Sitaro.sulutnews.com — Pasca bencana banjir yang melanda Kampung Laghaeng Kecamatan Siau Barat Selatan Kabupaten Kepulauan Siau Tagulandang Biaro (sitaro), masyarakat berharap perhatian serius dari pemerintah, khususnya terkait pemulihan aliran listrik dan penyediaan perlengkapan penunjang pembersihan material bencana.
Kapitalau Kampung Laghaeng, Charles Tamberongan, saat ditemui di posko penanganan bencana pada Rabu, 07/01/2026, menyampaikan harapannya agar aliran listrik di wilayah tersebut segera kembali stabil.

Kapitalau Kampung Laghaeng, Charles Tamberongan saat diwawancarai oleh sulutnews.com di posko bencana banjir bandang pada Rabu, 07/01/2026.
Ditegaskan juga oleh Charles, listrik merupakan kebutuhan mendesak bagi warga, terutama untuk meningkatkan kewaspadaan terhadap potensi bencana susulan.
Menurut Charles, sudah tiga hari Kampung Laghaeng mengalami pemadaman listrik total.

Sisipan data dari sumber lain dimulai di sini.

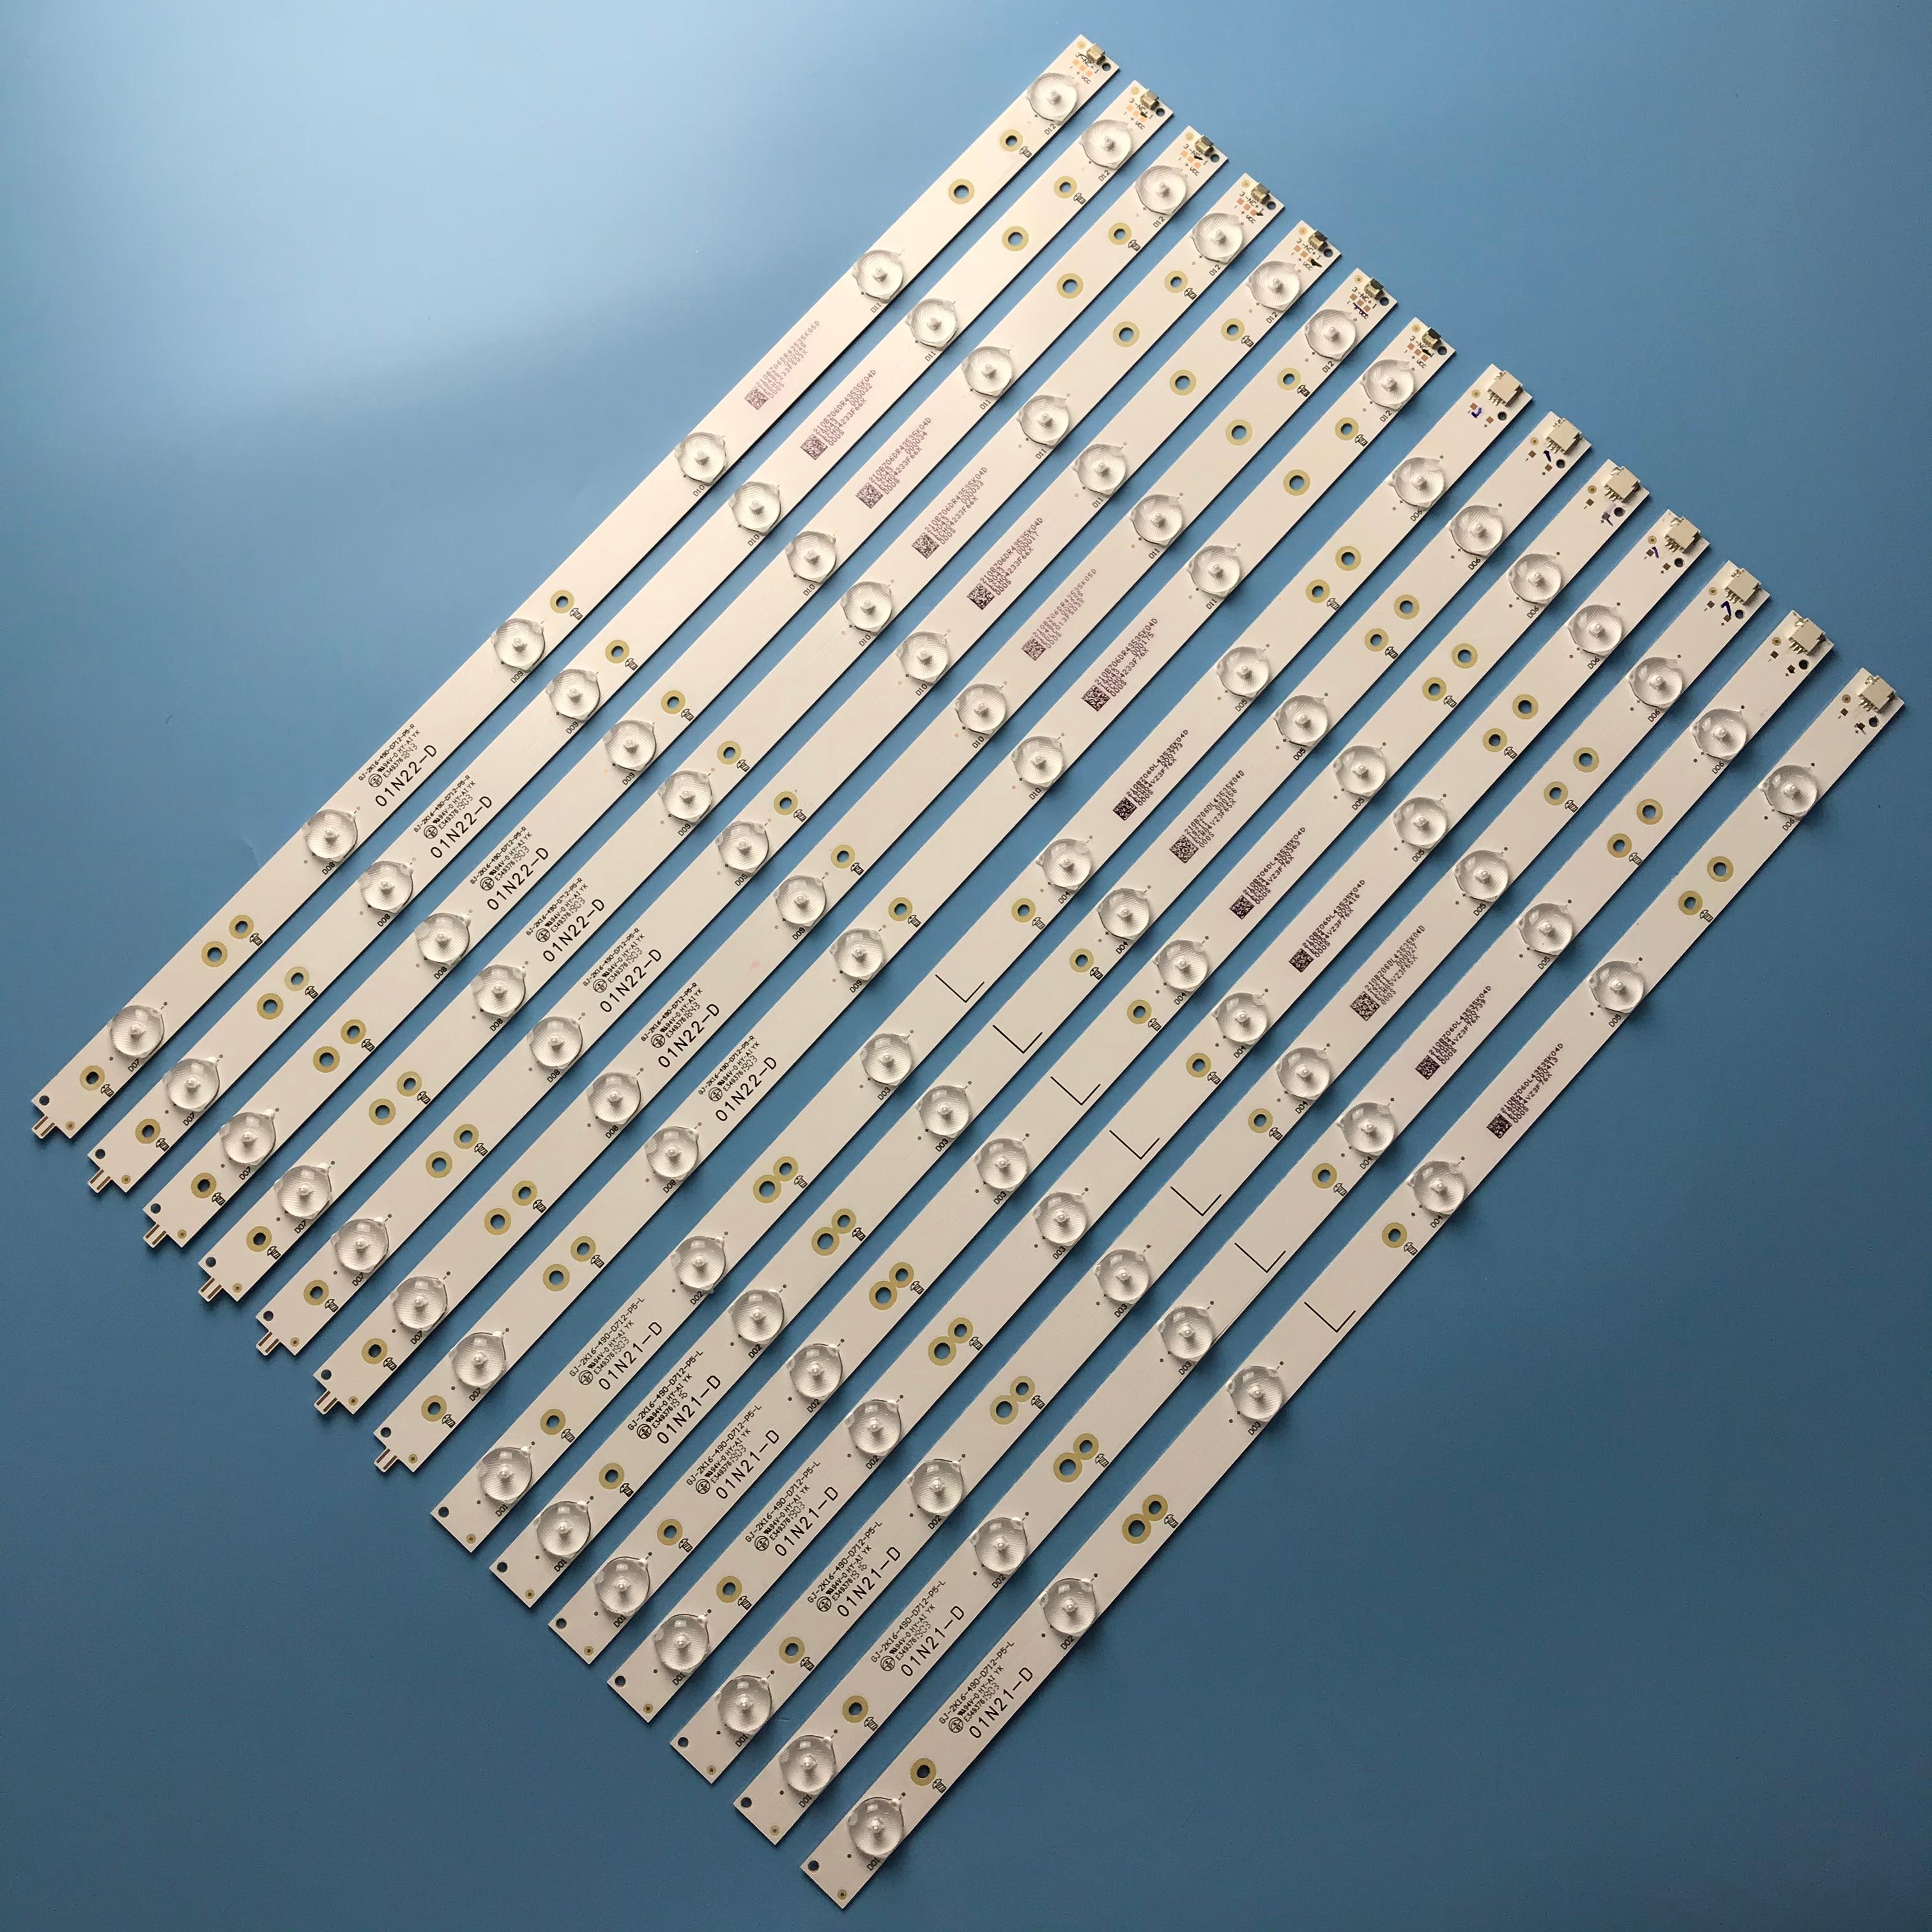 Tira de LED para iluminación trasera 6 + 6leds GJ-2K16-490-D712-P5-L + R para Philips 49 49PUS6401 49PUS6501 49PUH6101 49PUS6561/12 49PUS6101/12

Kondisi ini menyulitkan warga dalam memantau situasi lingkungan, terutama pada malam hari, di tengah cuaca yang masih belum sepenuhnya bersahabat.
“Sudah tiga hari Kampung Laghaeng tidak ada listrik. Kami berharap listrik segera stabil, karena sangat penting untuk penerangan dan kewaspadaan masyarakat,” ujar Charles.
Selain pemulihan listrik, warga juga meminta perhatian Pemerintah Kabupaten Kepulauan Siau Tagulandang Biaro (Sitaro) terkait bantuan sepatu boots. Perlengkapan tersebut dinilainya sangat dibutuhkan untuk menunjang aktivitas pembersihan lumpur, bebatuan, serta sisa material banjir yang hingga kini masih dilakukan secara manual oleh warga dan relawan.
Charles menyampaikan apresiasi atas berbagai bantuan yang telah diterima sejauh ini. Ia berharap dukungan pemerintah dan pihak terkait dapat terus berlanjut hingga kondisi Kampung Laghaeng benar-benar pulih dan masyarakat bisa kembali menjalani aktivitas secara normal.
Sementara itu, Plt Kepala Dinas Pangan dan Pertanian Kabupaten Sitaro, Rahel Sahambangung, mengungkapkan, pihaknya telah menyalurkan bantuan pangan ke posko Kampung Laghaeng.
“Untuk Kampung Laghaeng, sebanyak 250 kilogram beras atau lima karung telah disalurkan,” ujar Sahambangung.
Berdasarkan data terbaru, dampak bencana di Kampung Laghaeng tergolong signifikan. Tercatat 25 kepala keluarga dengan total 64 jiwa terdampak langsung, terdiri dari 33 laki-laki dan 31 perempuan. Sejumlah warga masih menjalani perawatan medis di Puskesmas setempat. Bencana ini juga mengakibatkan tiga orang meninggal dunia.
Selain bantuan dari Dinas Pangan dan Pertanian, Pemerintah Daerah Kabupaten Sitaro melalui BPBD dan Dinas Sosial telah menyalurkan berbagai bantuan kepada warga terdampak. Bantuan tersebut meliputi air mineral, beras, kasur untuk pengungsi, serta sejumlah kebutuhan pokok lainnya guna meringankan beban masyarakat pascabencana.